[
https://issues.apache.org/jira/browse/OOZIE-983?page=com.atlassian.jira.plugin.system.issuetabpanels:comment-tabpanel&focusedCommentId=13454346#comment-13454346
]
Alejandro Abdelnur commented on OOZIE-983:
------------------------------------------
Mona, I'm a bit confused by your comments.
* Oozie client currently does not include hadoop-common/hadoop-hdfs JARs (and
all its deps), so you cannot do FS calls via Hadoop FS API.
* Oozie client currently does not know about any Hadoop endpoint. Nor Oozie, as
Oozie is 'agnostic' of the cluster (it is up to the job-tracker/name-node URIs
you use in your jobs.
* Oozie client does not use Hadoop UGI for kerberos (no hadoop-common), it just
uses basic JDK GSS stuff (done in hadoop-auth, which is included in the client
lib/).
* I would assume that if you are not in a gateway machine you may not have
kerberos authentication there but other form or authentication.
If your ideaa is to have a tool that does 'oozie deploy <LOCALPATH>
<REMOTEPATH>' where LOCALPATH would be a local filesystem directory and
REMOTEPATH would be any filesystem URI supported by the Hadoop FileSystem API
(hdfs://, webhdfs://, viewfs://, etc) this is just a wrapper on 'hadoop fs -put
<LOCALPATH> <REMOTEPATH>', nothing else.
> [Design] Automatic Oozie application deployment using WebHDFS
> -------------------------------------------------------------
>
> Key: OOZIE-983
> URL: https://issues.apache.org/jira/browse/OOZIE-983
> Project: Oozie
> Issue Type: Bug
> Reporter: Mohammad Kamrul Islam
> Assignee: Mona Chitnis
>
> Problem:
> 1. A user can't upload the oozie application from his dev box. User needs to
> access to a specialized box (such as gateway) to run those hadoop commands.

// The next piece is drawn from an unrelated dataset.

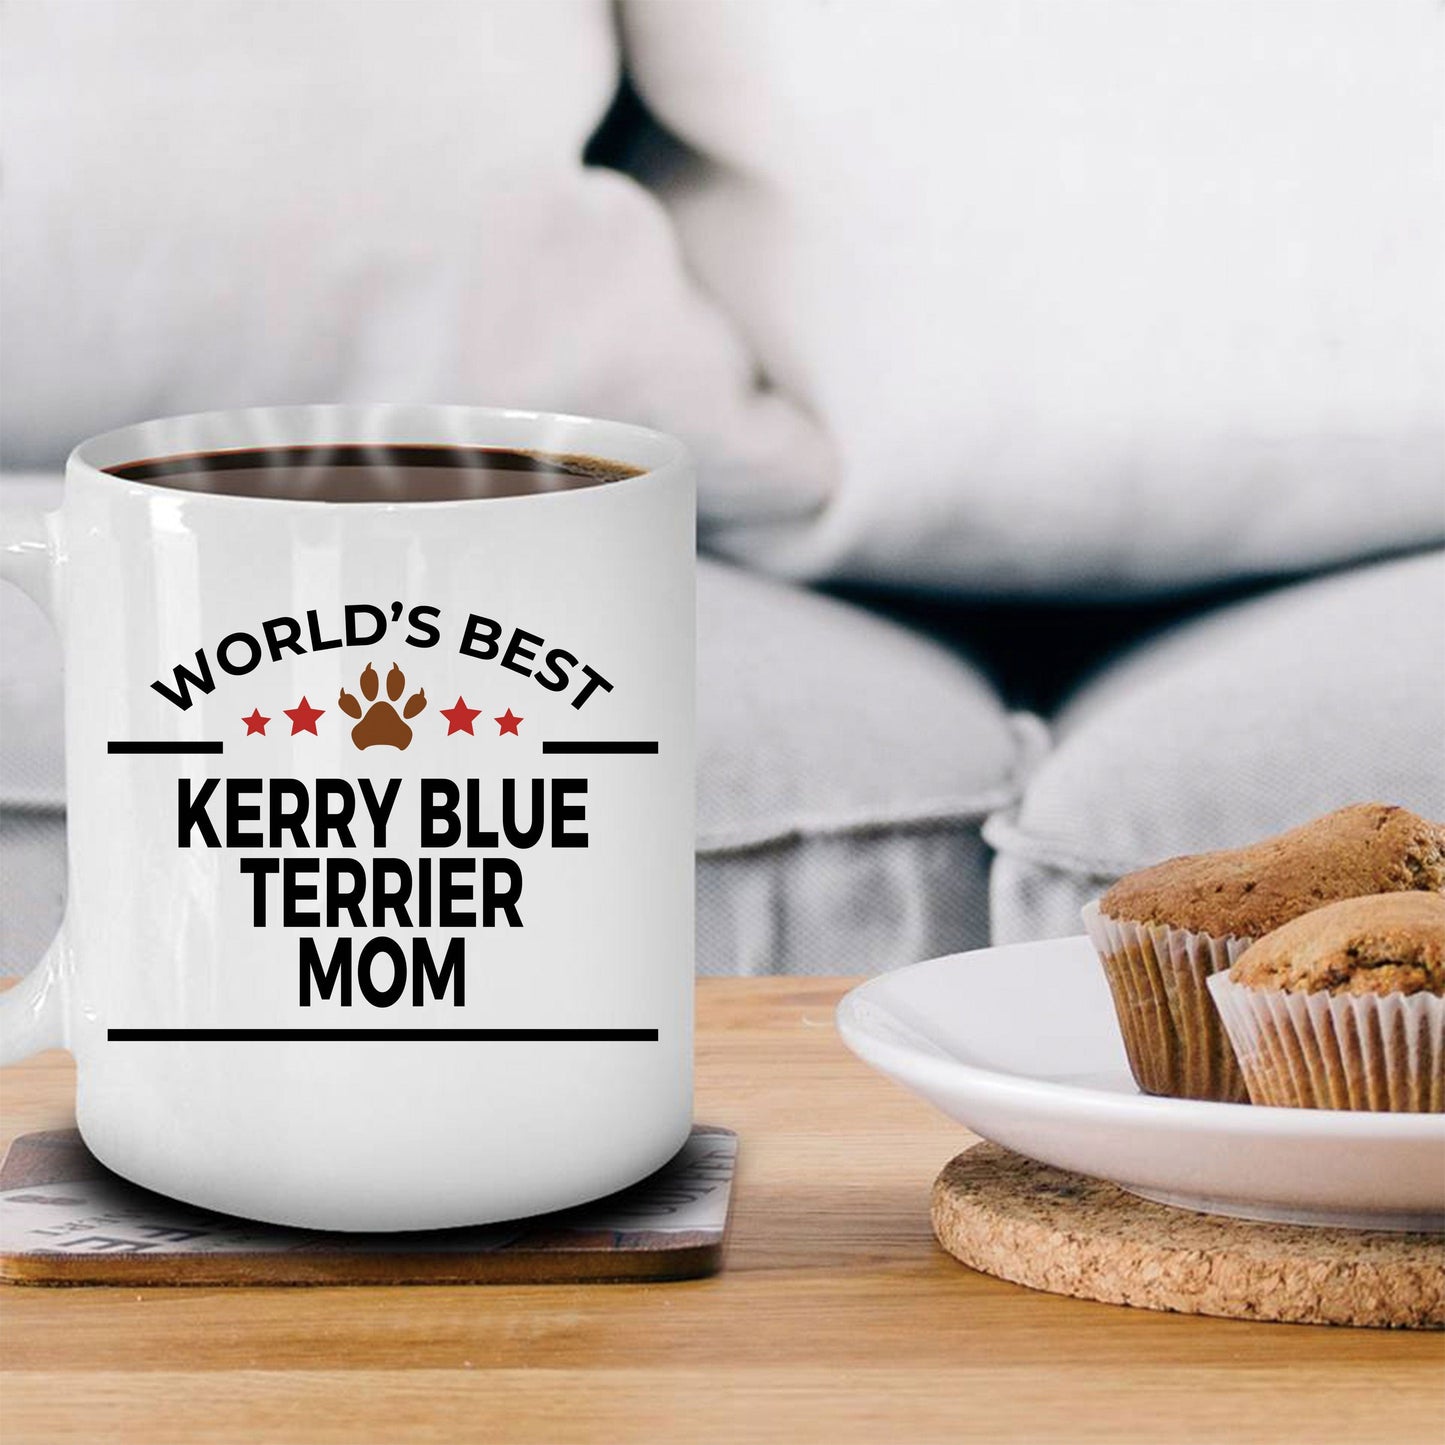 Kerry Blue Terrier Dog Lover Gift World's Best Mom Birthday Mother's Day White Ceramic Coffee Mug

> It is inconvenient which requires to follow multiple steps and restrictions.
> 2. Automatic Oozie application versioning. If a user wants to deploy a new
> version of Oozie application, he needs to run multiple commands. In addition,
> there is no standard for this.
> Proposal:
> 1. Oozie will provide a tool that will automatically deploy the application
> and maintained a rigid version mechanism.
> 2. It could be a new script (e.g. oozie-deply) or it can extend the existing
> oozie command (e.g. oozie -deply....."). TBD
> 3. The new script will get the necessary information to launch a WebHDFS
> command from the user and upload the necessary files. It includes: WebHDFS
> end point, security token (for secured version), local application directory
> and remote application base path.
> 4. Using the appropriate WebHDFS REST API, the tool will deploy the
> application. User can choose whether to override an existing application
> path.
> 5. User can ask to upload a new version of application. The new version could
> be user provided or auto created by the script. For auto version selection,
> oozie tools will check the existing application path with pattern "v?". Then
> select the new version number.
> 6. For uploading a new application version, the oozie tool will first upload
> the application and then kill the old job (How to get the old job id?). At
> last, submit the new application.
> Open question:
> 1. How to pass the kerberos token? Specially from a dev box.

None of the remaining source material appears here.